[[ MATERIAL PROVIDED open ]]

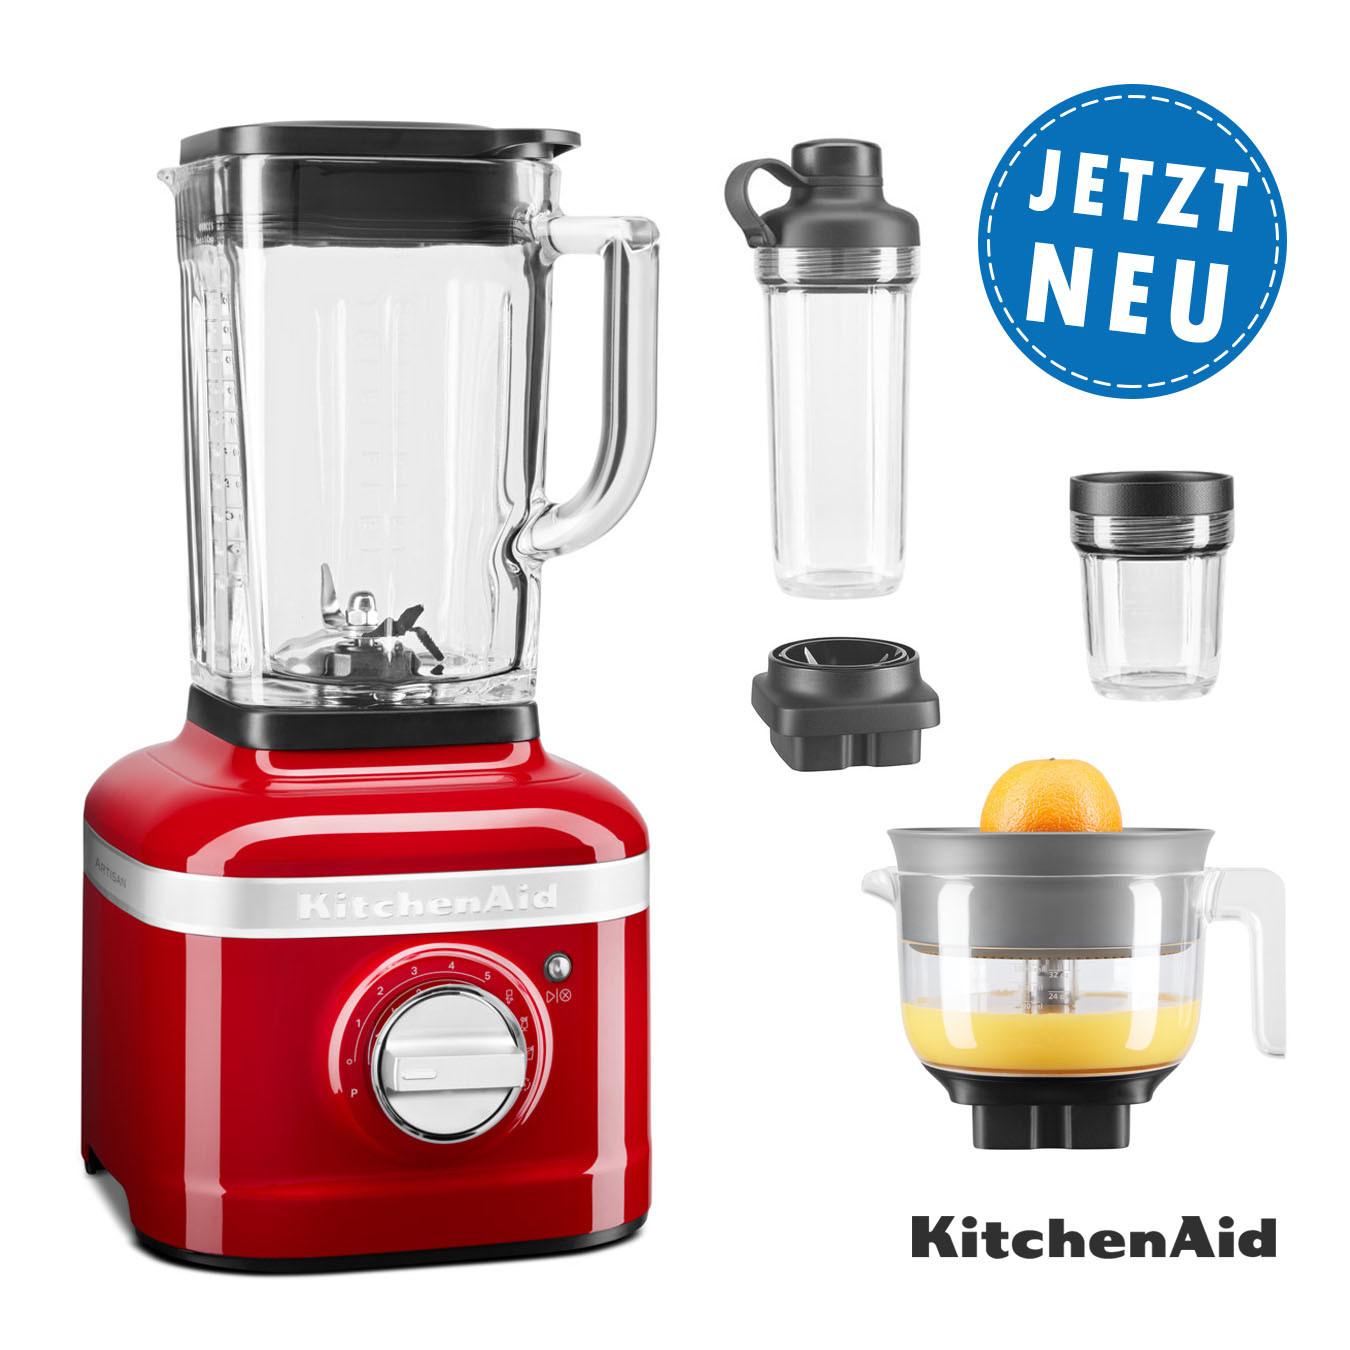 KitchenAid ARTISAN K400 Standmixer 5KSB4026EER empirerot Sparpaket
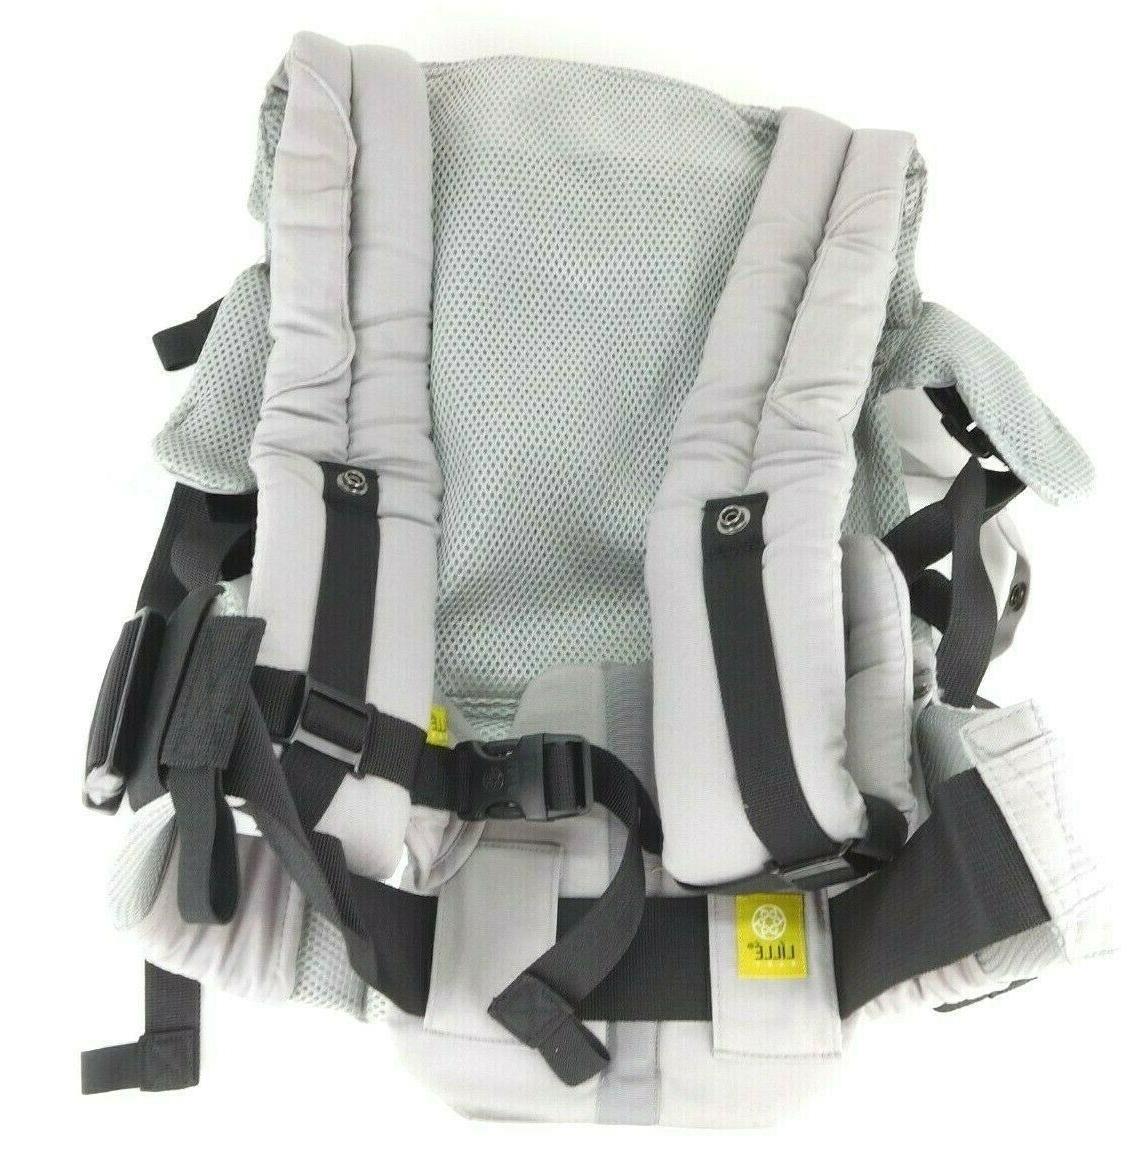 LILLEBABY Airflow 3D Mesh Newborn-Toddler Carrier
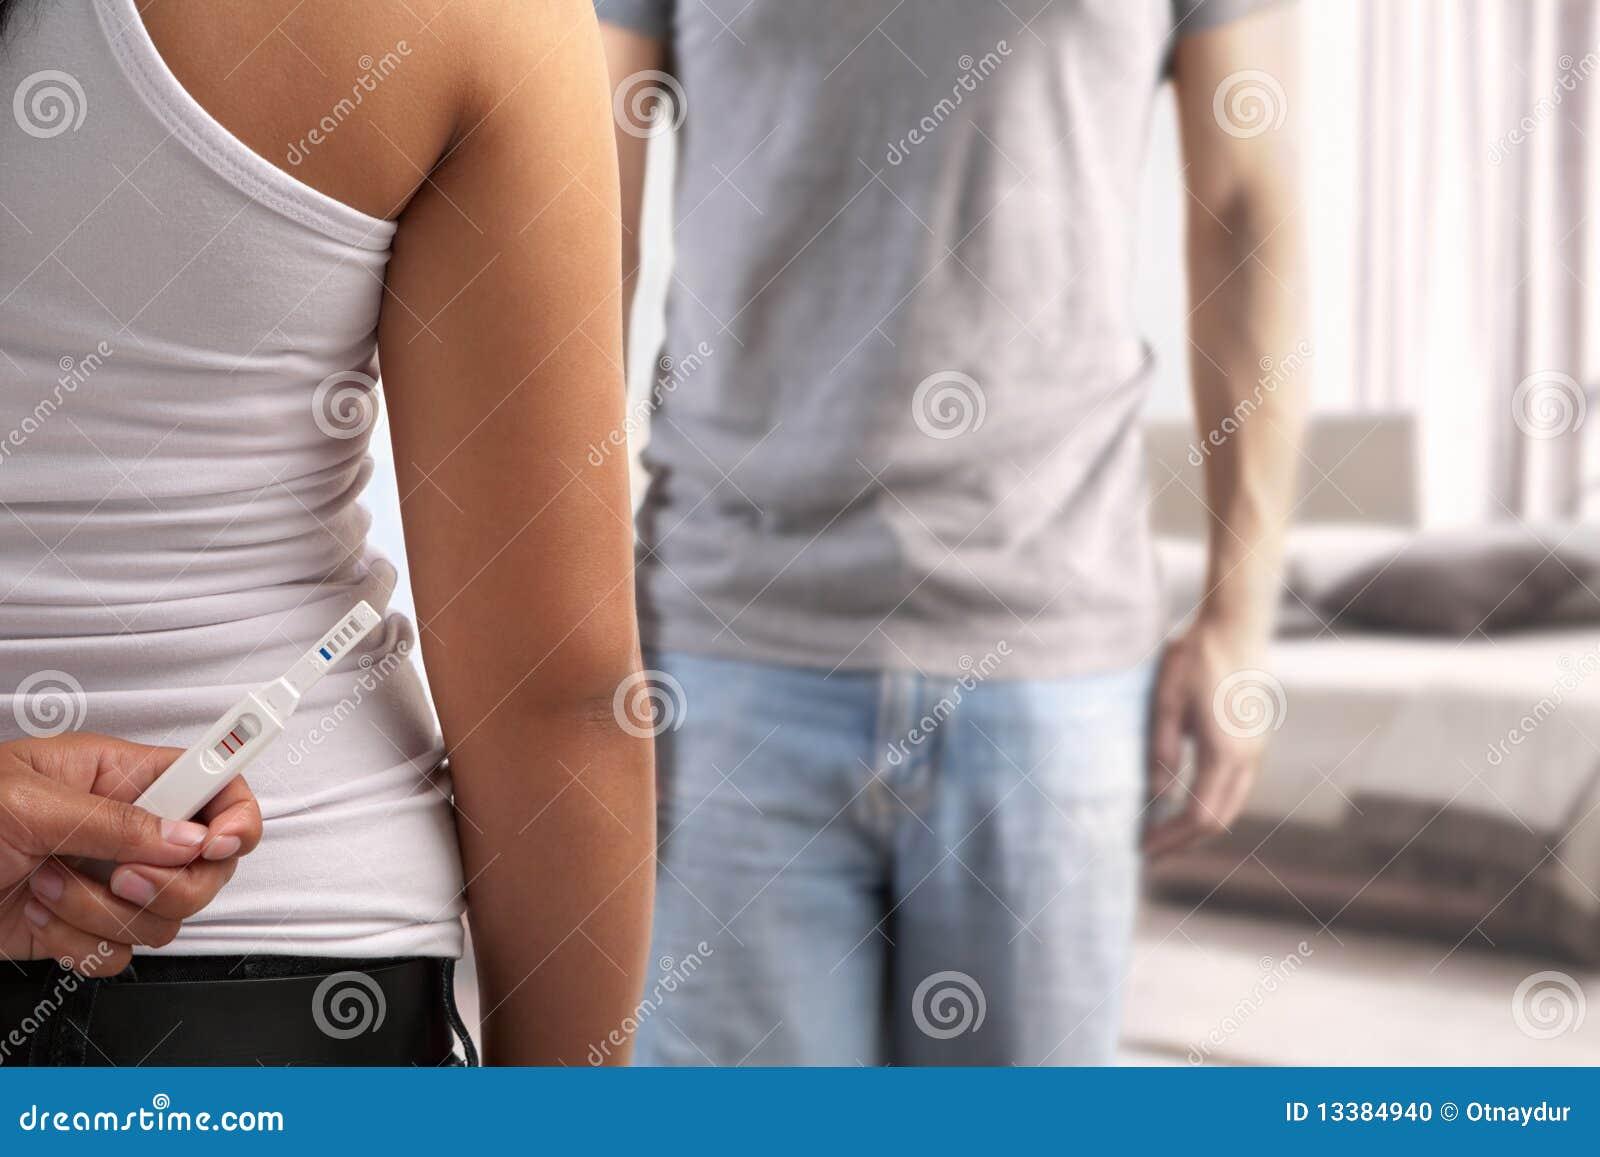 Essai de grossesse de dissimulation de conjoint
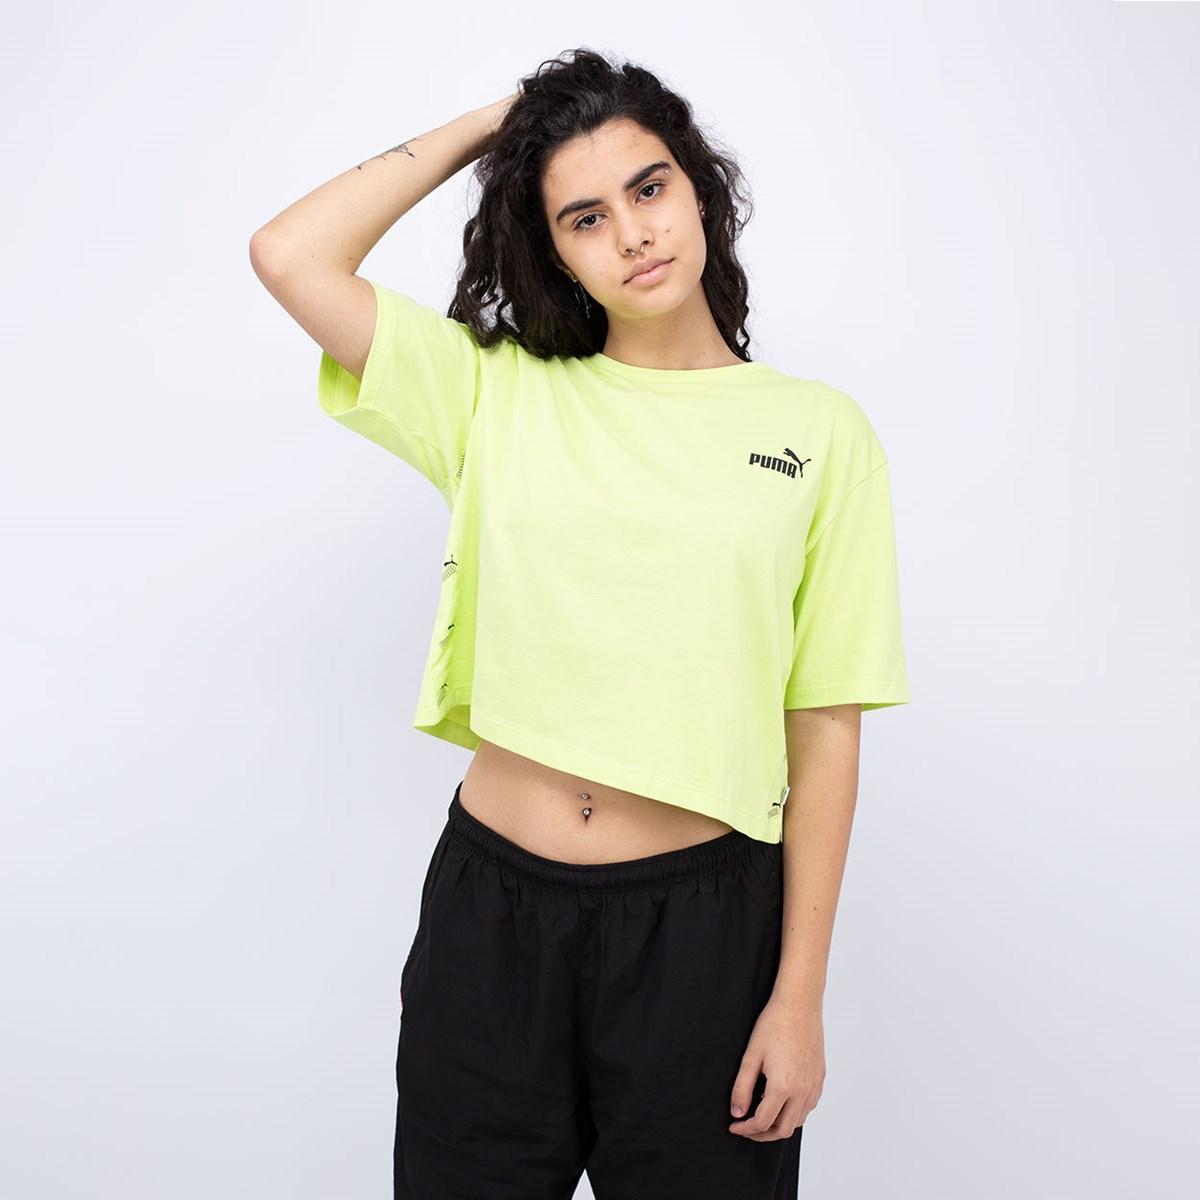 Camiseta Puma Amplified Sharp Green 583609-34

[[ MATERIAL PROVIDED closed ]]

## REQUIRED ACTION
Please retype, exactly as they appear, the lines from the one with "Essai de grossesse" through the final line of the material, both included, and drop any pictures.

## RESULT
 Essai de grossesse de dissimulation de conjoint
 Camiseta Puma Amplified Sharp Green 583609-34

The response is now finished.